— INPUT DATA —
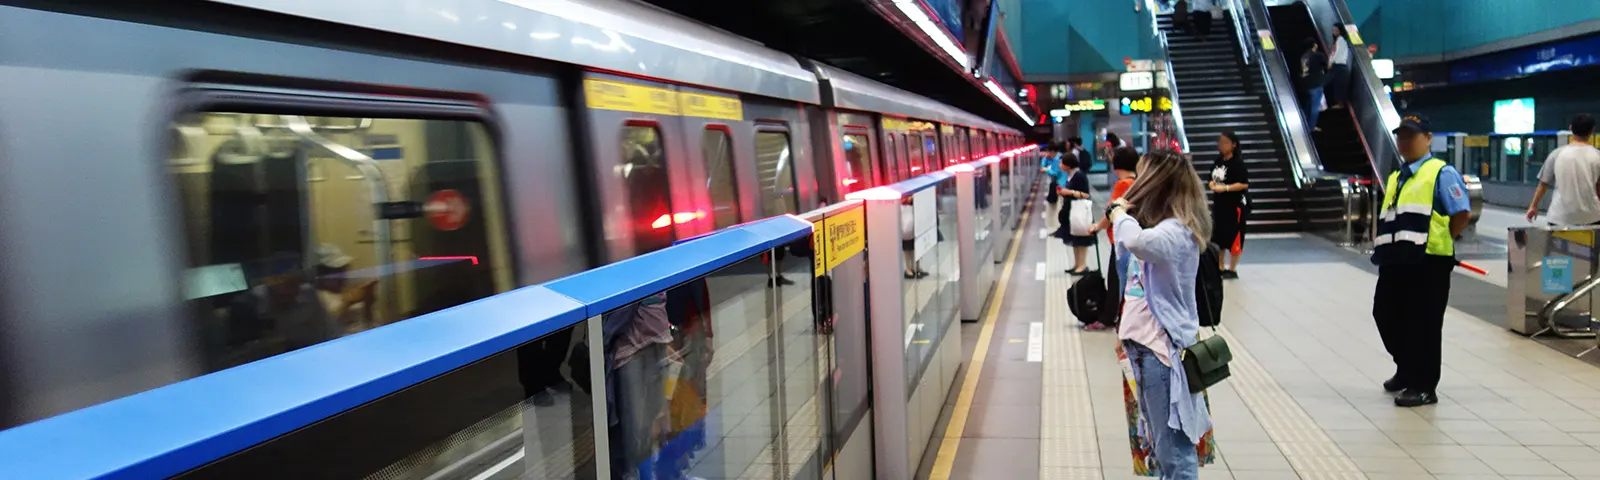 Passengers wait at an underground MRT Station.
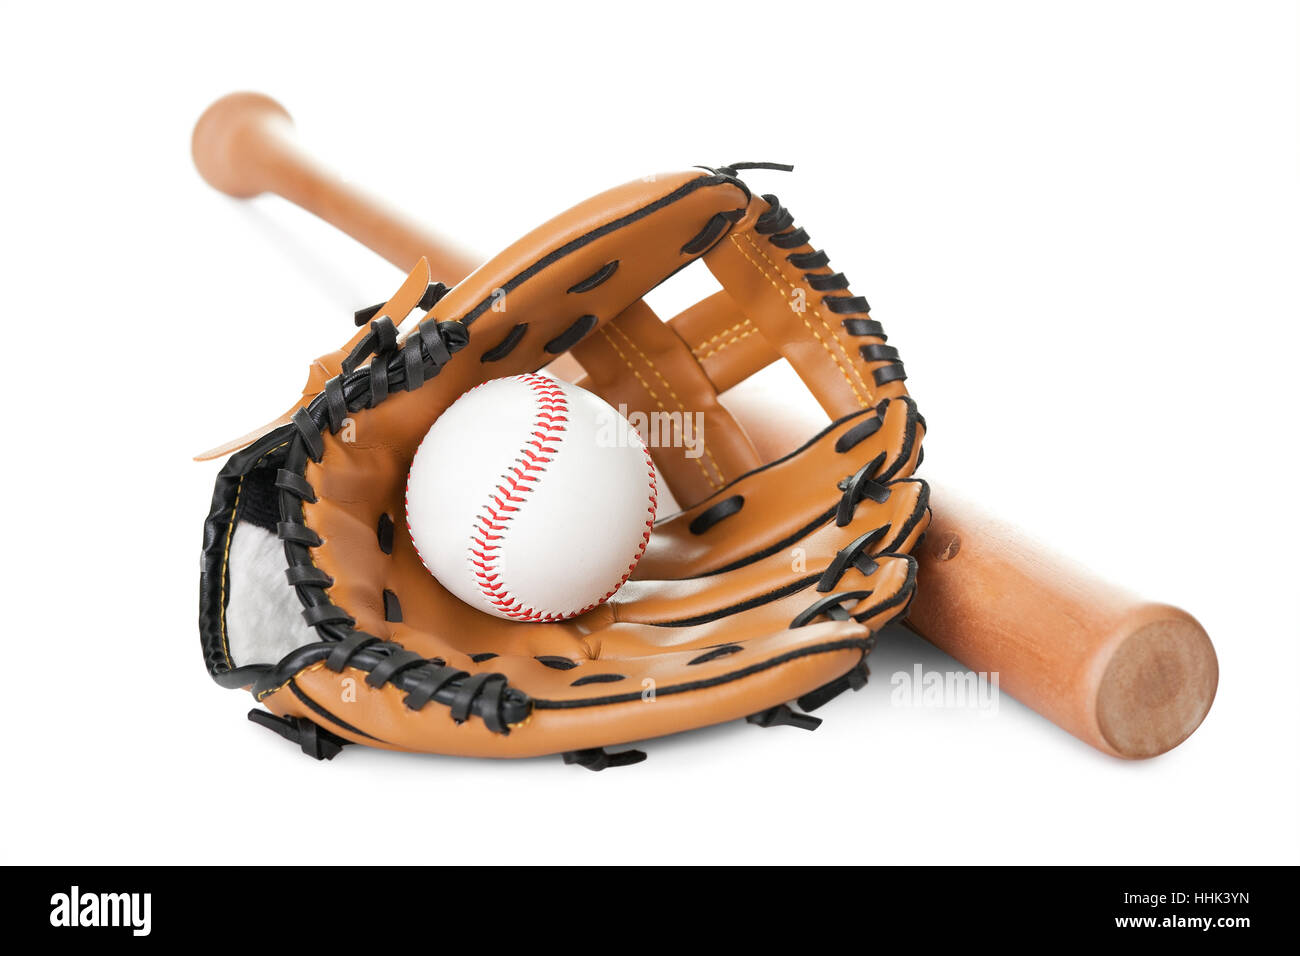 ball, glove, isolate, bat, baseball, backdrop, background, white, object, spare Stock Photo
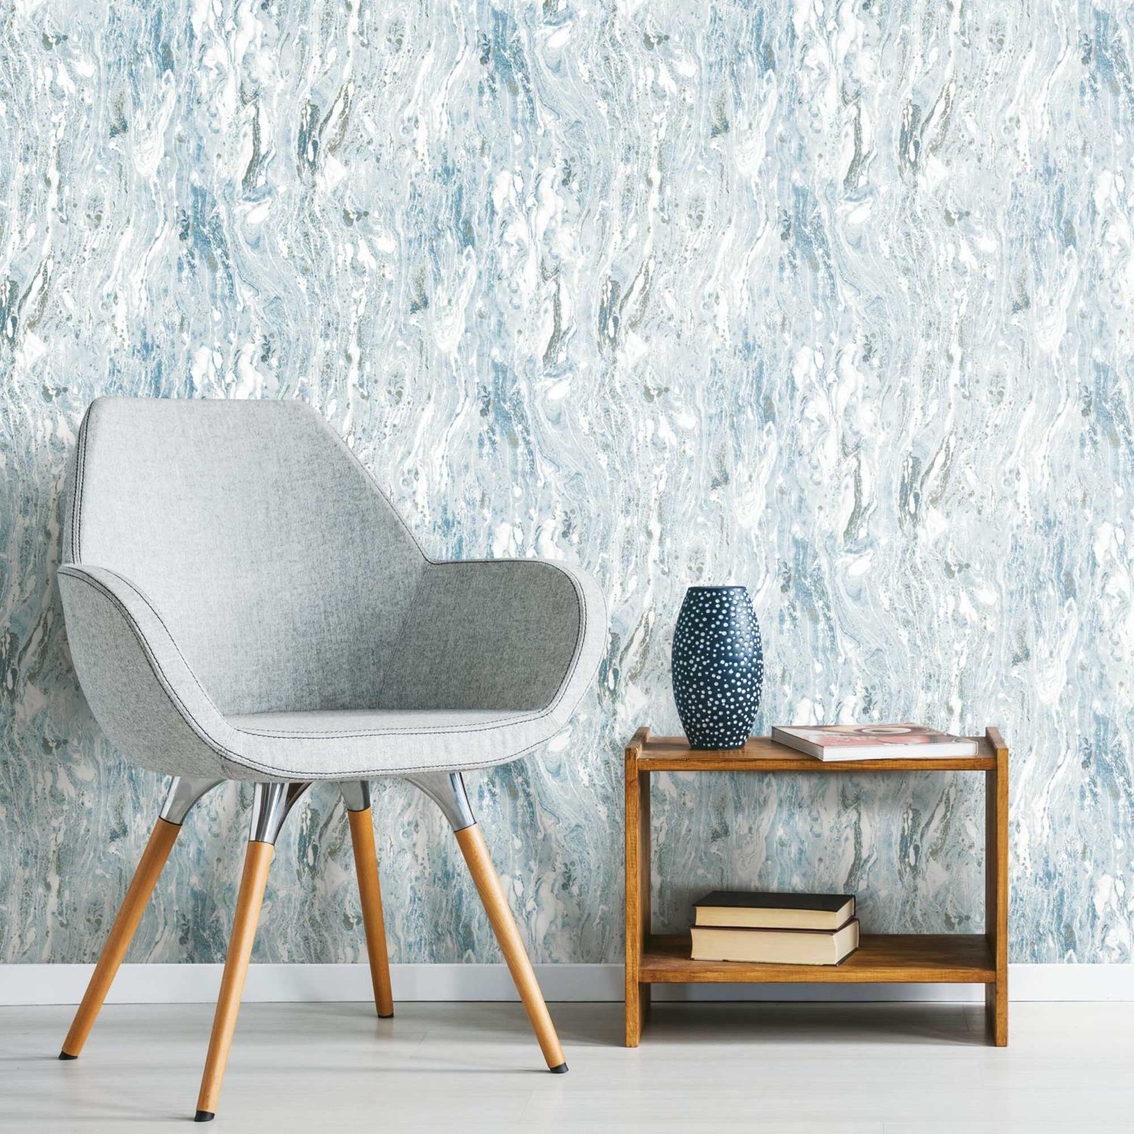 RoomMates Blue Marble Seas Peel and Stick Wallpaper - Image 8 of 10

— YOUR TASK —
Leaving each image aside, repeat the listing above exactly.

— EXERCISE ANSWER —
 Passengers wait at an underground MRT Station.
 ball, glove, isolate, bat, baseball, backdrop, background, white, object, spare Stock Photo
 RoomMates Blue Marble Seas Peel and Stick Wallpaper - Image 8 of 10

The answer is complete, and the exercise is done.